The videos caused a lot of laughs on social media, and it turns out--a lot more.
The numbers don't lie. Since July 29, the ALS Association has received $41.8 million nationwide. In that same time period last year, it received $1.9 million.
"It definitely has made a difference," said Amy Kuzma, the director of the Northern New England Chapter of the ALS Association. "It's a silly social media phenomenon...I think the more people hear about it and see how devastating it is, they're moved to do something about it."
Donations are up more than 300% at the Northern New England Chapter, which serves Vermont, New Hampshire and Maine. Kuzma says local donations stay in our area. The local chapter gives about $25,000 to the ALS Clinic at Fletcher Allen Health Care. That money buys equipment like leg braces and breathing apparatuses.
Dr. Rup Tandan is the Attending Neurologist at Fletcher Allen. He has been researching the rate and fatal disease, which has no cure, for 30 years. He treats about 60 patients at the clinic.
"In some, it begins with slurred speech and difficulty swallowing and chewing. In others, it begins with weakness and loss of muscles in the arms and legs," Dr. Tandan said. For all, it's almost certainly a death sentence, with a life expectancy of 2-5 years. However, Dr. Tandan says some people have had what he called "Reverse ALS."
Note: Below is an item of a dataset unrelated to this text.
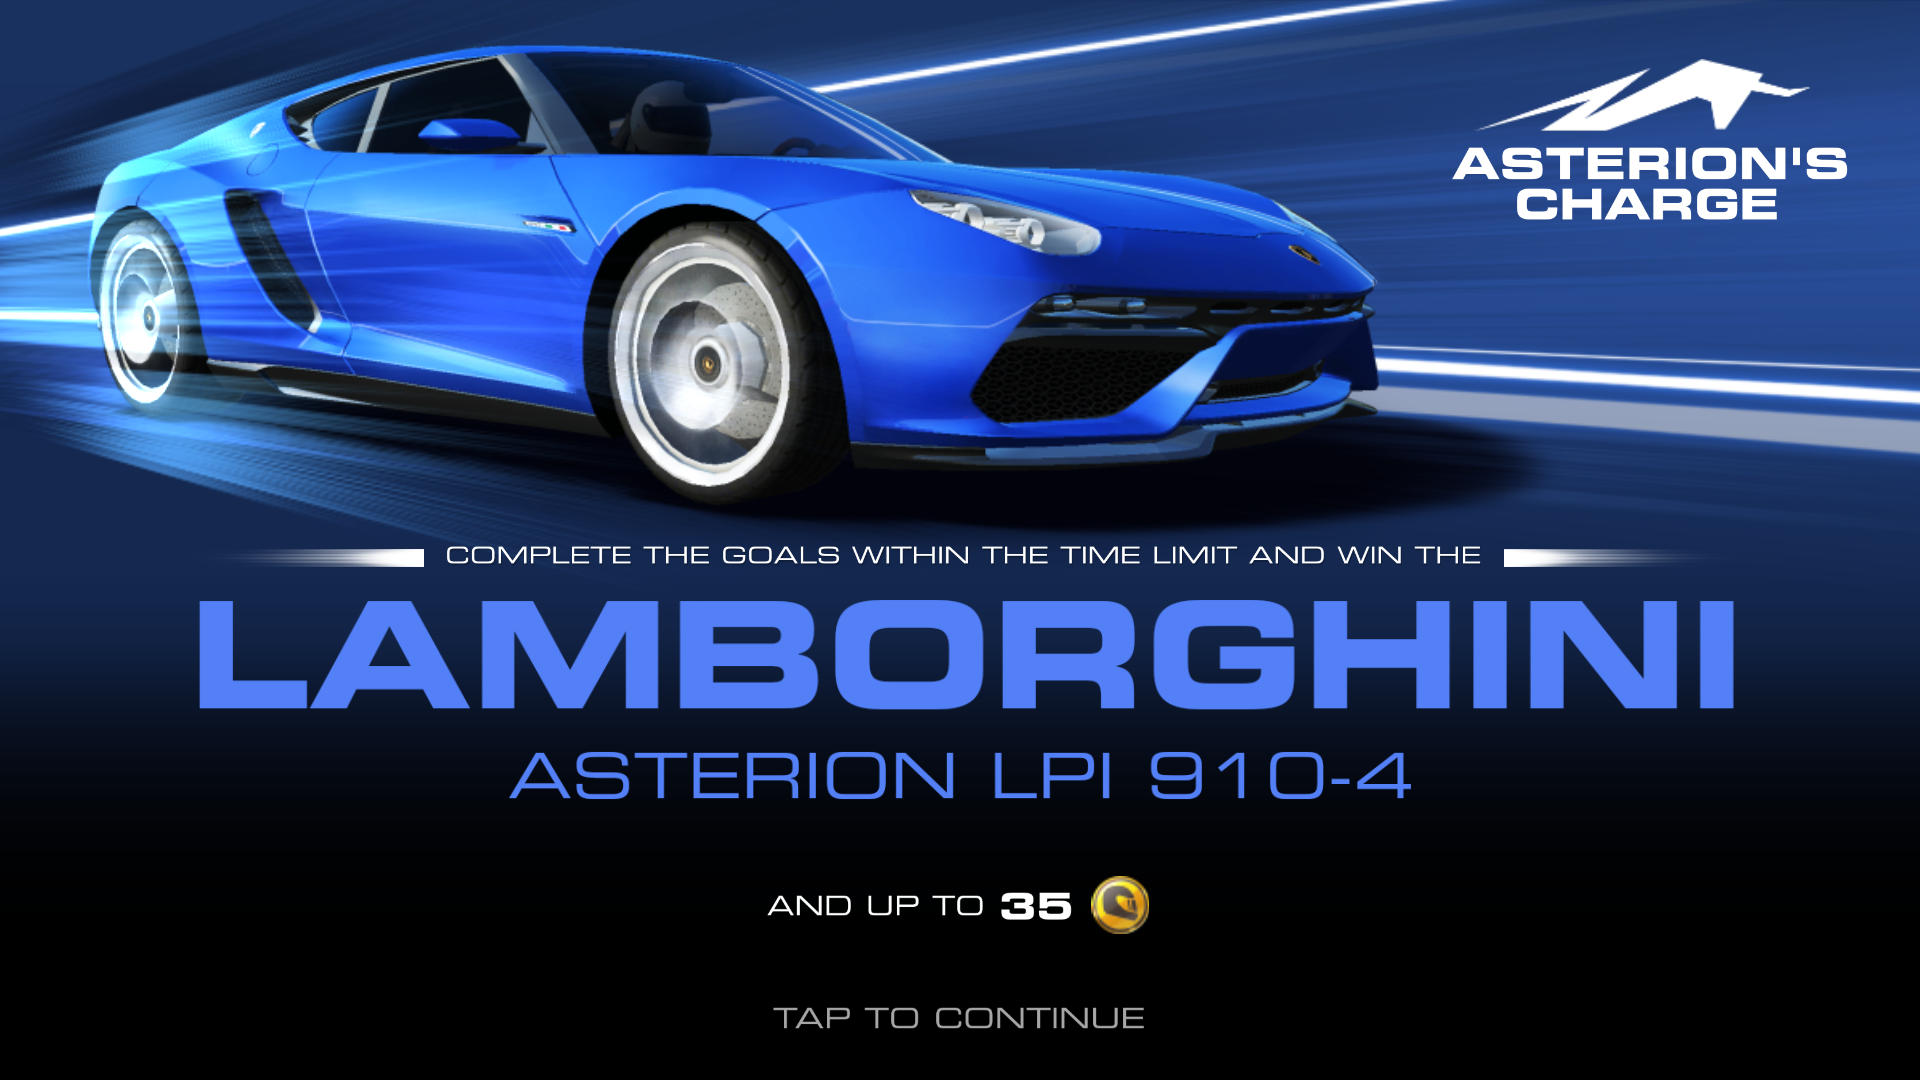 Asterion's Charge () | Real Racing 3 Wiki | Fandom

"They are patients that fulfill all the criteria for the disease, they progress with the disease and then by some inexplicable reason, they stabilize and some even get better."
He hopes some of the new funds can go toward studying those patients, to move toward a cure.
The ALS Association is still figuring out exactly how to distribute the unexpected influx.
"I think every non-profit has that wish list. This gives us a chance to really look at it and look at these programs that we want to put into play."
Click here to donate to the ALS Association of Northern New England.
Click here to donate to the ALS Association of Upstate New York.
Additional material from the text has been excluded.